# Learning CartPole with Q-Learning!
This notebook will tackle the game of CartPole using a value-based reinforcement learning method known as Q-Learning! The CartPole environment is readily available through OpenAI's gym module.

## Q-Learning
The idea of value-based reinforcement learning methods are to indirectly find the optimal-policy of a task by first estimating the worth of a particular state under some policy governed by these values. More succinctly, the expected future returns of each state are calculated and a policy is found by (usually) acting greedily with respect to these values.

Assuming that our system is a Markov Decision Process (MDP), the expected reward for being in a particular state s and following some fixed policy $\pi$ can be expressed by the Bellman Equation:

$$V^{\pi}(s) = \sum_{a} \pi (s, a) \sum_{s'} \mathcal{P}_{s s'}^{a} \Big[ \mathcal{R}_{s s'}^{a} + \gamma V^{\pi}(s') \Big] $$

where $\mathcal{R}_{s s'}^{a}$ is the reward function, $\gamma$ is the discount factor, $\mathcal{P}_{s s'}^{a}$ are the transition probabilties, and $V^{\pi}(*)$ is the state-value function under a policy, $\pi$.

By choosing the action that gives rise to the highest expected return (acting greedily), we can then write the Bellman Equation that mimics this behaviour, known as the Bellman Optimality Equation.

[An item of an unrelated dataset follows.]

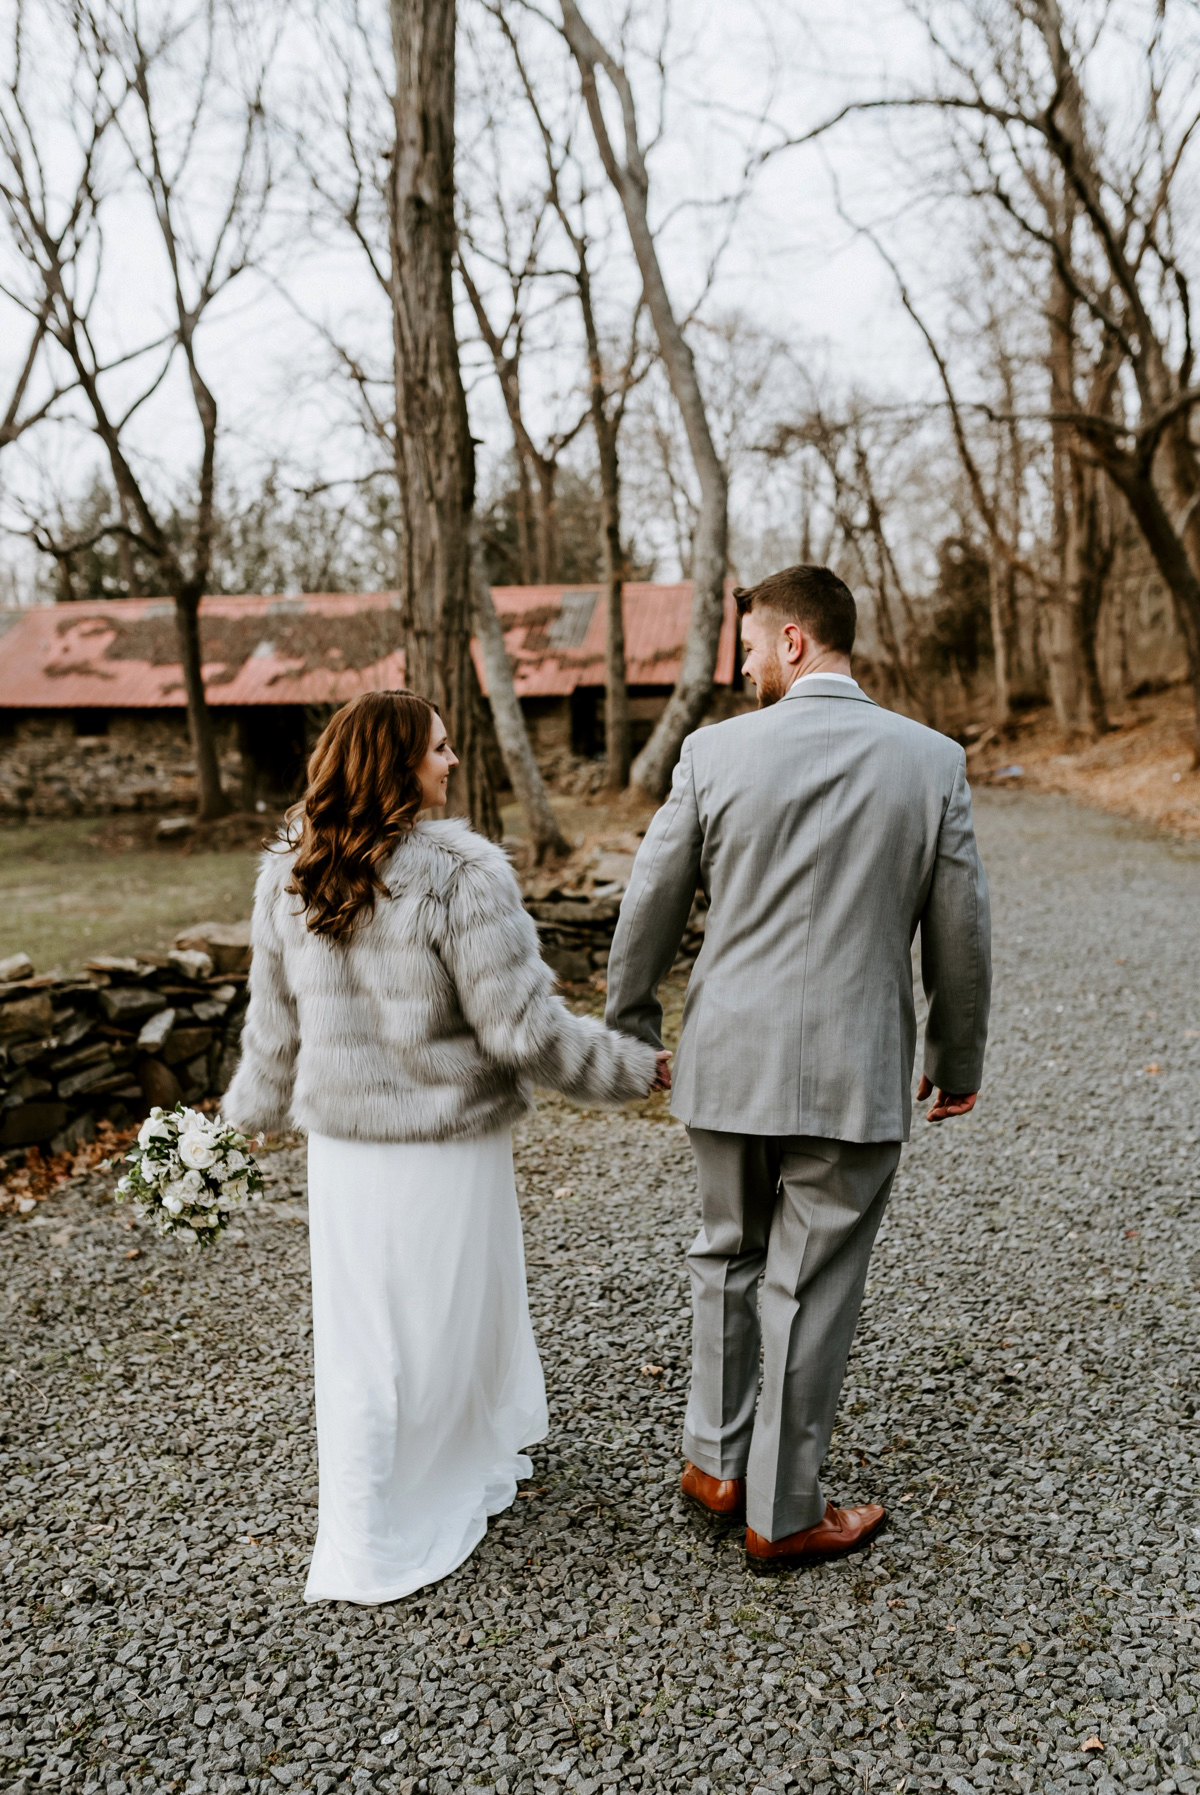 47 The Inn At Glencairn Winter Wedding Inspiration Winter Elopement Princeton Wedding Photographer NJ Wedding Photographer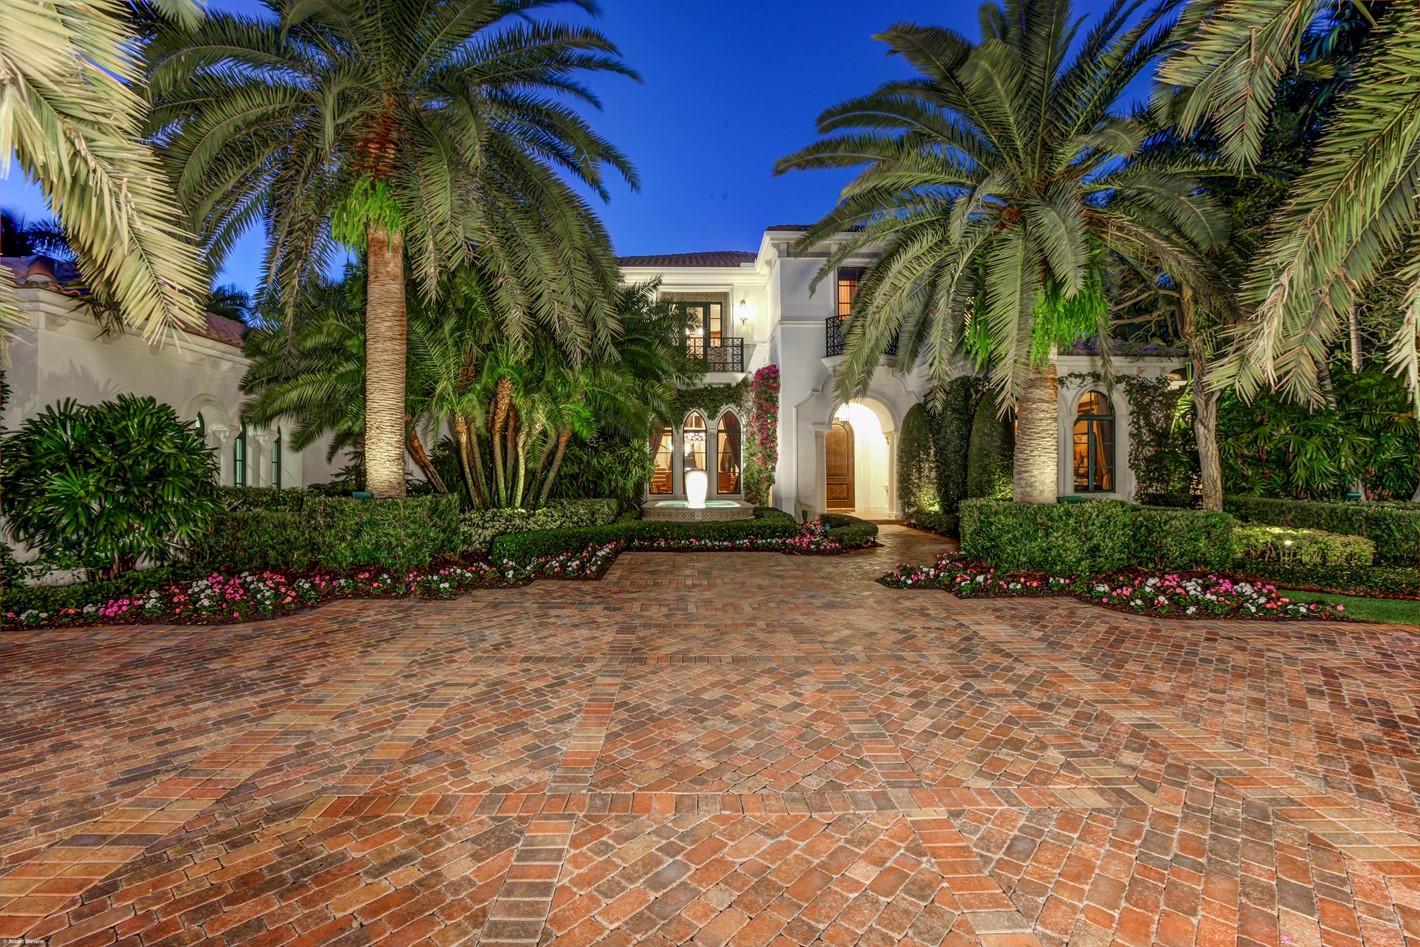 11703 San Sovino Court, Palm Beach Gardens MLS Listing RX-10090822 ...

$$V^{\pi}(s) = \max_a\sum_{s'} \mathcal{P}_{s s'}^{a} \Big[ \mathcal{R}_{s s'}^{a} + \gamma V^{\pi}(s') \Big] $$

Generally, if the MDP is fully-defined it is possible to solve for these state-values for all states using dynamic programming. Unfortunately, in most cases, the MDP is not completely known and therefore other methods are needed to solve the Bellman Equations. 

One such method of solving the Bellman Optimality Equation is Q-learning. It is an off-policy TD-learning method that uses gradient descent updates at every step when the agent is exploring the environment. 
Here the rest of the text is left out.